Histone Modifications of CD36

The CD36 gene promoters and distal enhancers that bind CCCTC-binding factor (CTCF) or PPAR-γ are subjected to both histone acetylation and methylation (Mikkelsen et al., 2010). Although histone tails can be subjected to many other covalent modifications, they have not been documented in CD36 expression. Changes in CD36 histone marks have been studied mostly in adipocytes (Steger et al., 2008; Mikkelsen et al., 2010), monocytes/macrophages (Choi et al., 2005; Bekkering et al., 2014; Cortese et al., 2017), and hepatocytes (Cao et al., 2013; Zhong et al., 2017), but also in erythroid precursors (Cui et al., 2009), fibroblasts (Garbes et al., 2012), endothelial cells (Ren et al., 2016), and microglia (Xia et al., 2017). A summary of histone modifications affecting CD36 is presented in Table 1.
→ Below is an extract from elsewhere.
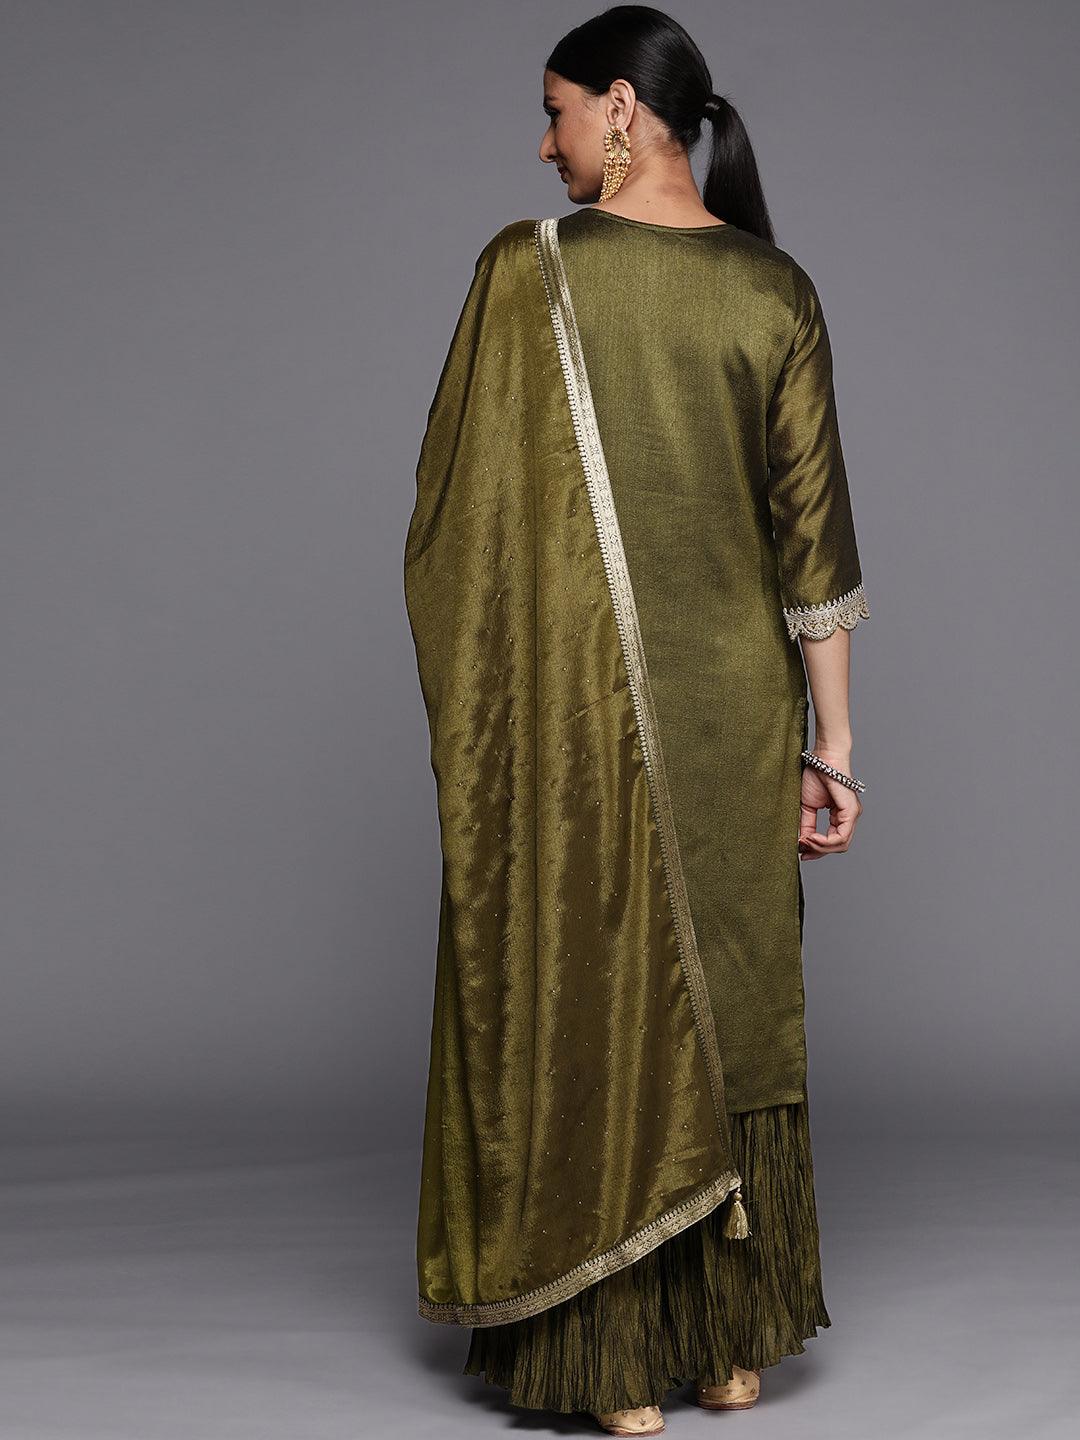 Olive Yoke Design Silk Blend Straight Sharara Suit Set With Dupatta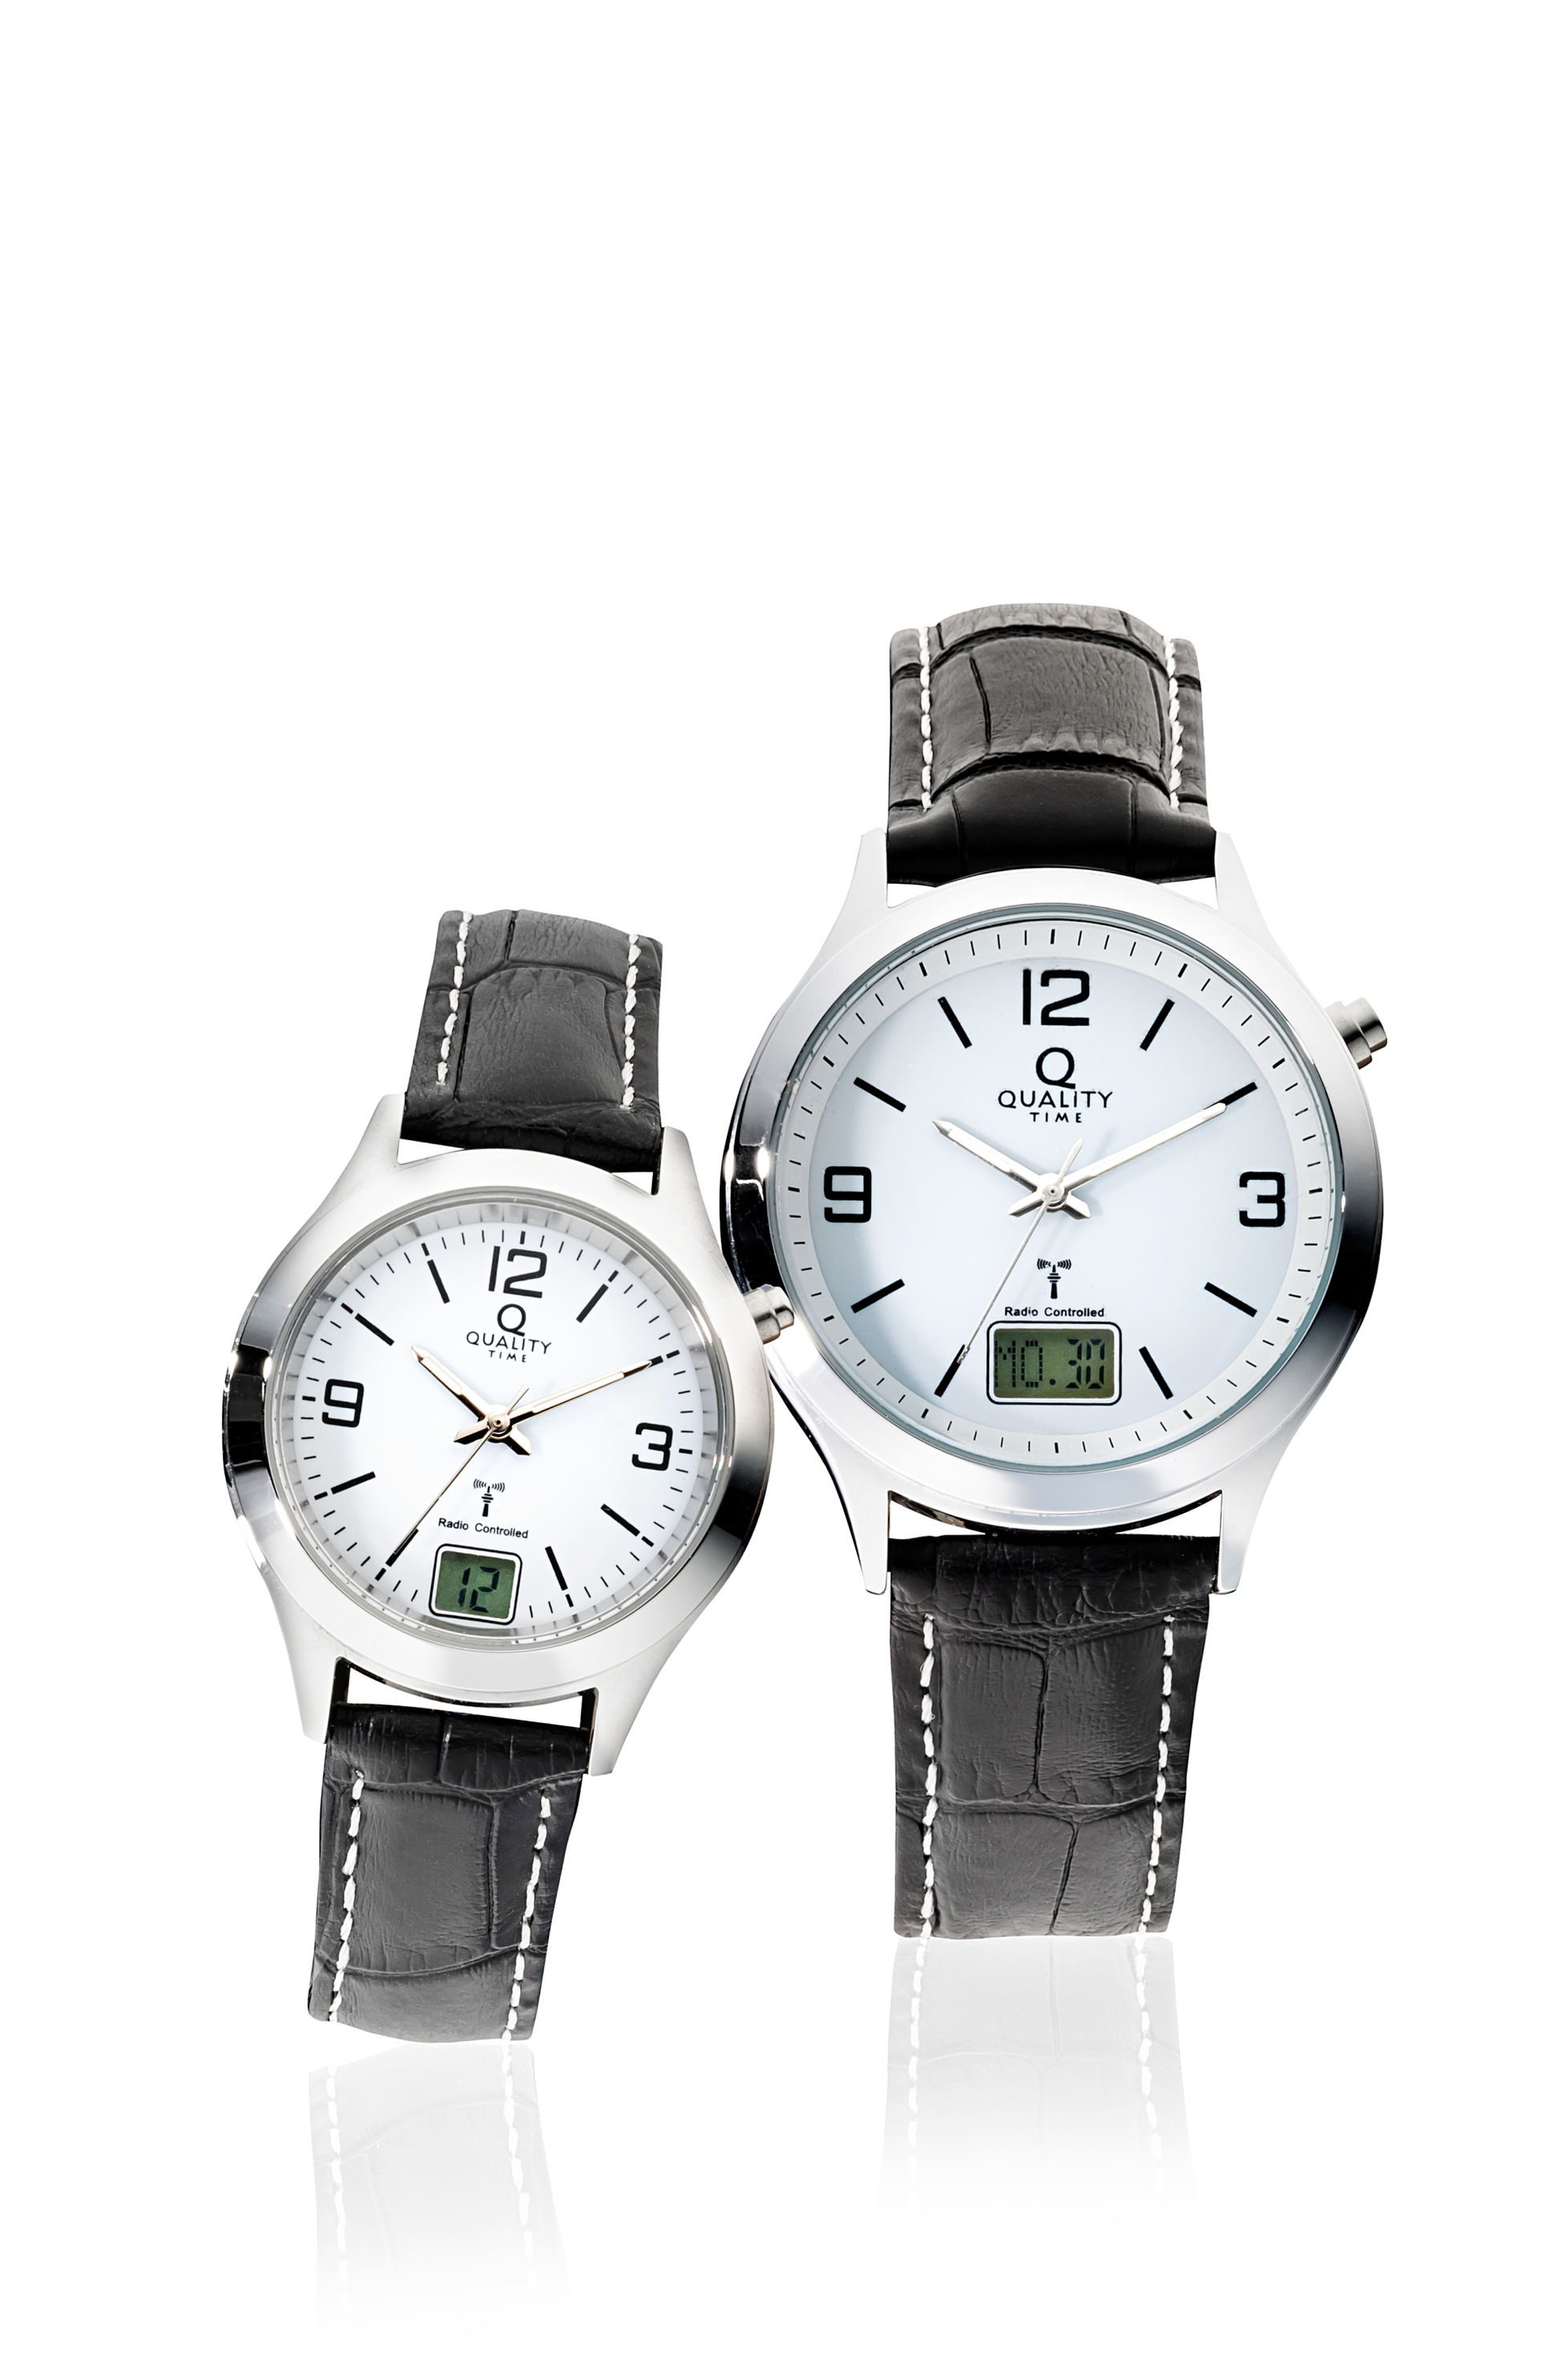 QT Funk-Armbanduhr Version: Herren bestellen | Weltbild.at

Gene expression of CD36 in human adipocytes has been shown to be activated by both H3K4me3 at P3, the major CD36 promoter, and H3K27Ac in PPAR-γ enhancer (Mikkelsen et al., 2010). Intergenic enrichment of H3K79 monomethylation upstream of CD36 correlates with PPAR occupancy (Steger et al., 2008). The H3K4me3 mark at the CD36 promoter has also been linked to differentiation of hematopoietic stem/progenitor cells to erythroid precursors (Cui et al., 2009), and in macrophages it accompanies the switch to a pro-inflammatory phenotype (Bekkering et al., 2014). Another histone mark affecting CD36 expression in macrophages is H3K9Ac enrichment, which is found in aortic macrophages exposed to long-term chronic intermittent hypoxia, resulting in a higher CD36 mRNA level (Cortese et al., 2017). Increased H3 acetylation upstream of the CD36 promoter has also been correlated with hepatic accumulation of TGs (Cao et al., 2013).

Activation or repression of CD36 expression via histone modifications can be induced pharmacologically. Using trichostatin A (TSA), a specific HDAC inhibitor, that stimulates acetylation of H4 at the CD36 promoter, increases CD36 mRNA, followed by higher uptake of oxLDL in macrophages (Choi et al., 2005). CD36 repression has been reported with lysophosphatidic acid, via HDAC7 in endothelial cells (Ren et al., 2016), and an HDAC3 inhibitor (RGFP966) in primary microglia (Xia et al., 2017).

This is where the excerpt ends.